▶ **YOUR TASK**
Transcribe the listing exactly as written. Leave the images out.
-- DATA PROVIDED follows --
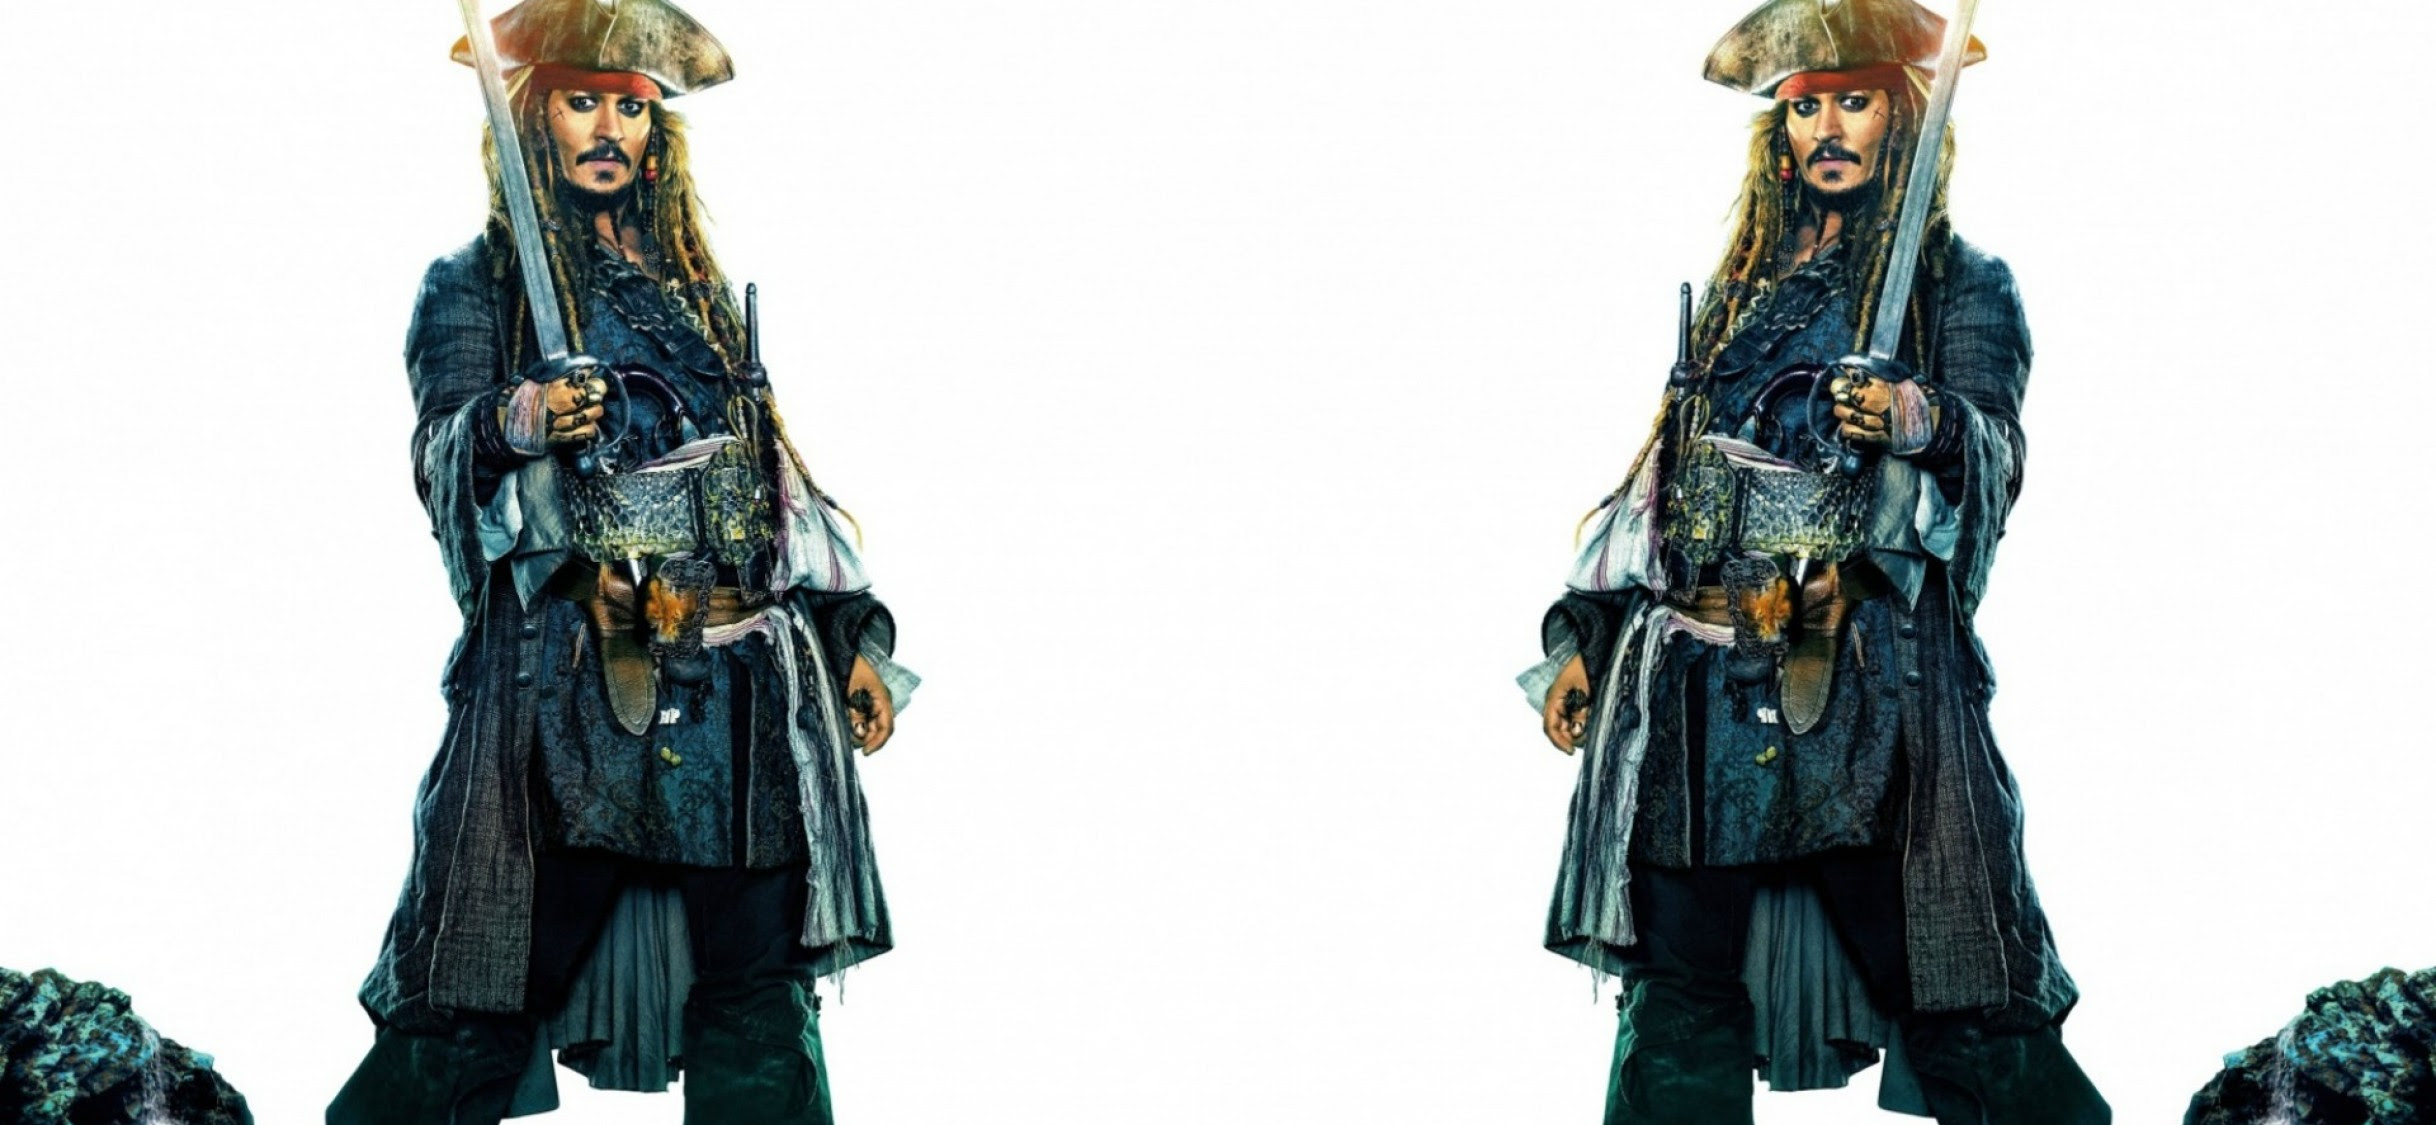 Pirates Of The Caribbean Hd Wallpaper Iphone X Hd Wallpaper
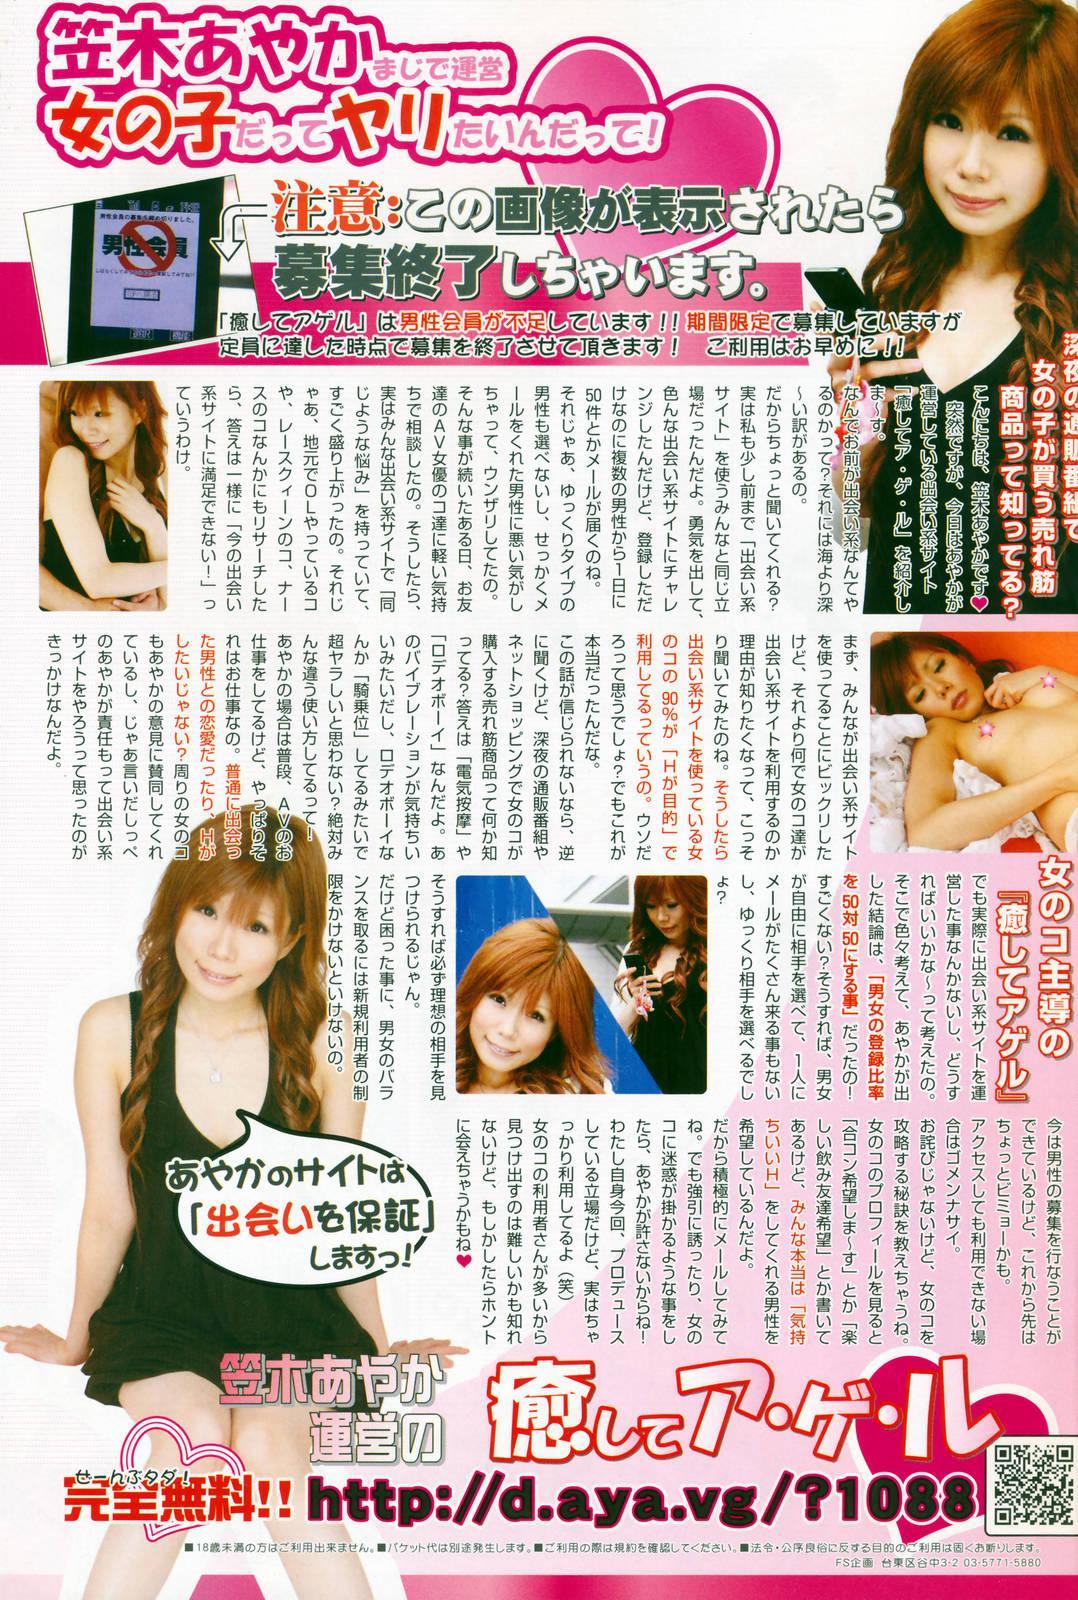 Manga Bangaichi 2009-02 Vol. 234 274
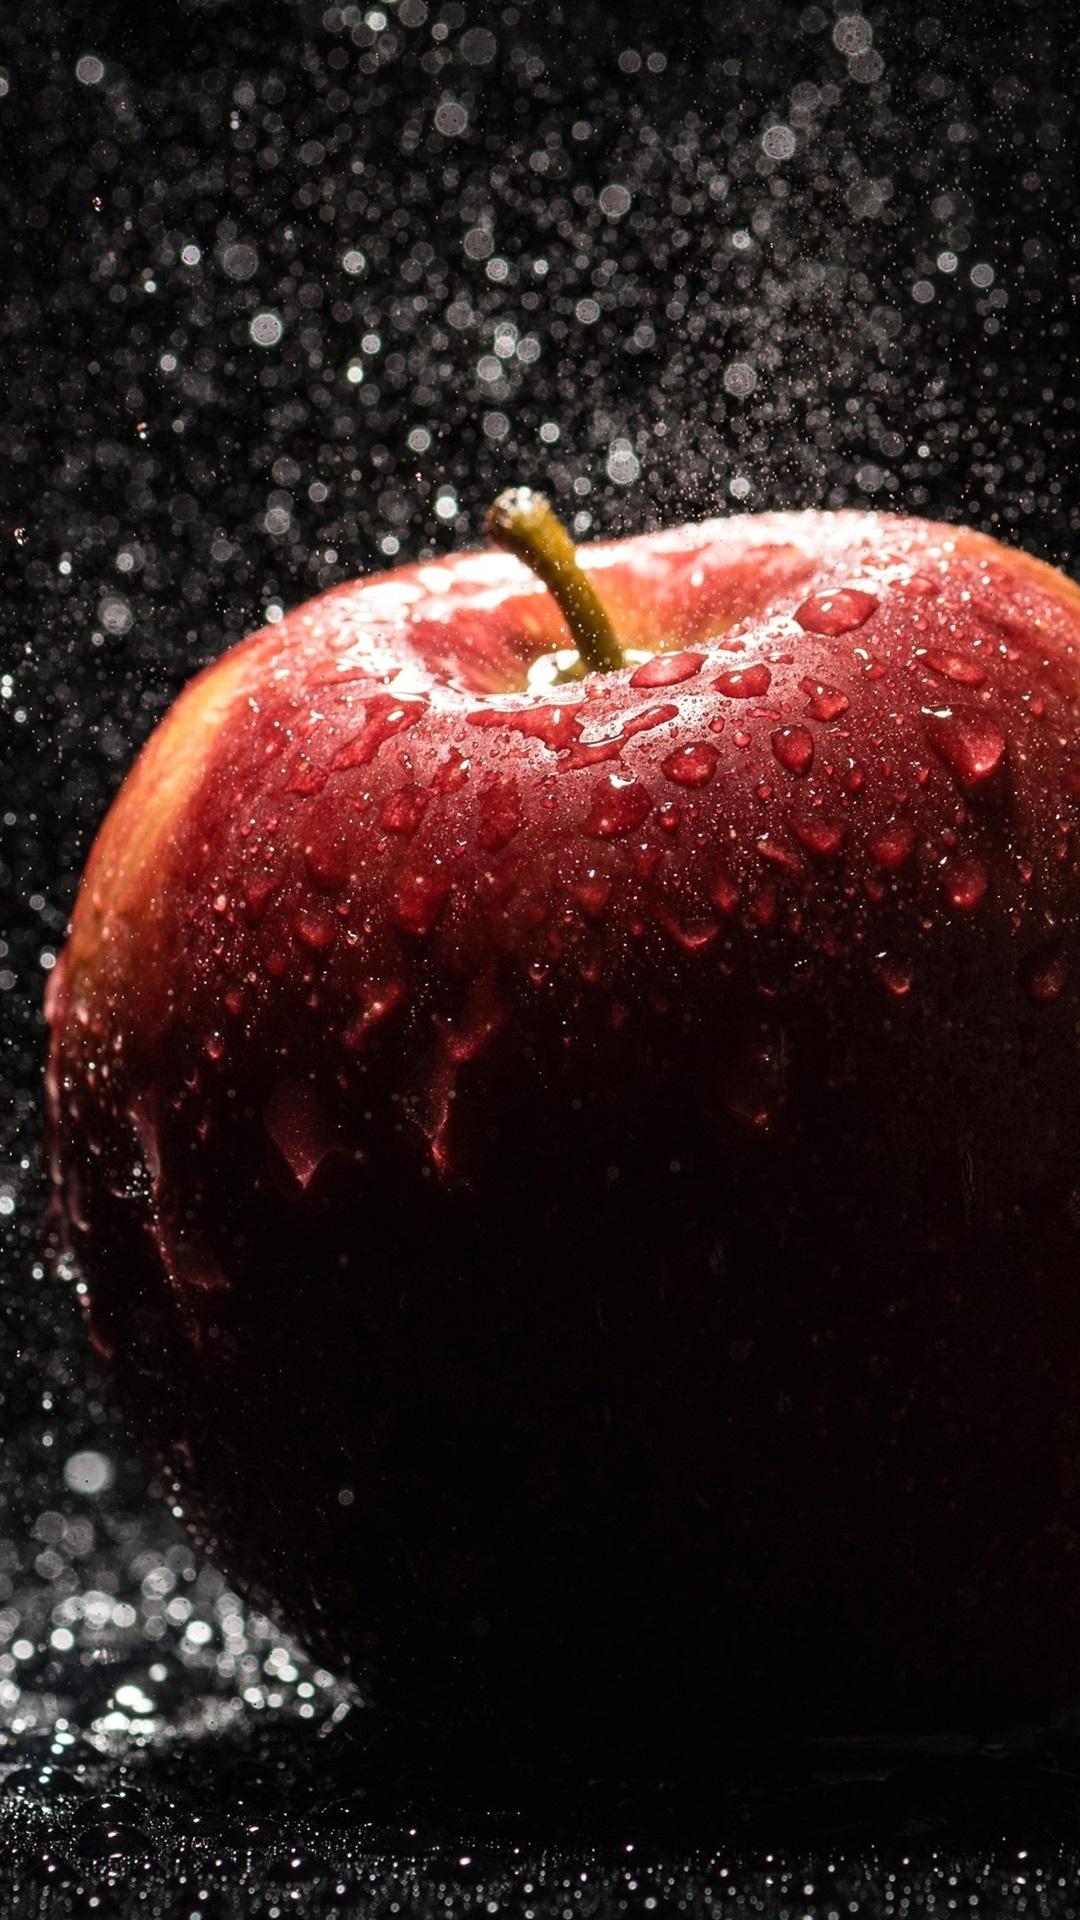 Wallpaper Red Apple Rain Water Drops 3840x2160 Uhd 4k
-- DATA PROVIDED concluded --
▶ **EXERCISE RESULT**
 Pirates Of The Caribbean Hd Wallpaper Iphone X Hd Wallpaper
 Manga Bangaichi 2009-02 Vol. 234 274
 Wallpaper Red Apple Rain Water Drops 3840x2160 Uhd 4k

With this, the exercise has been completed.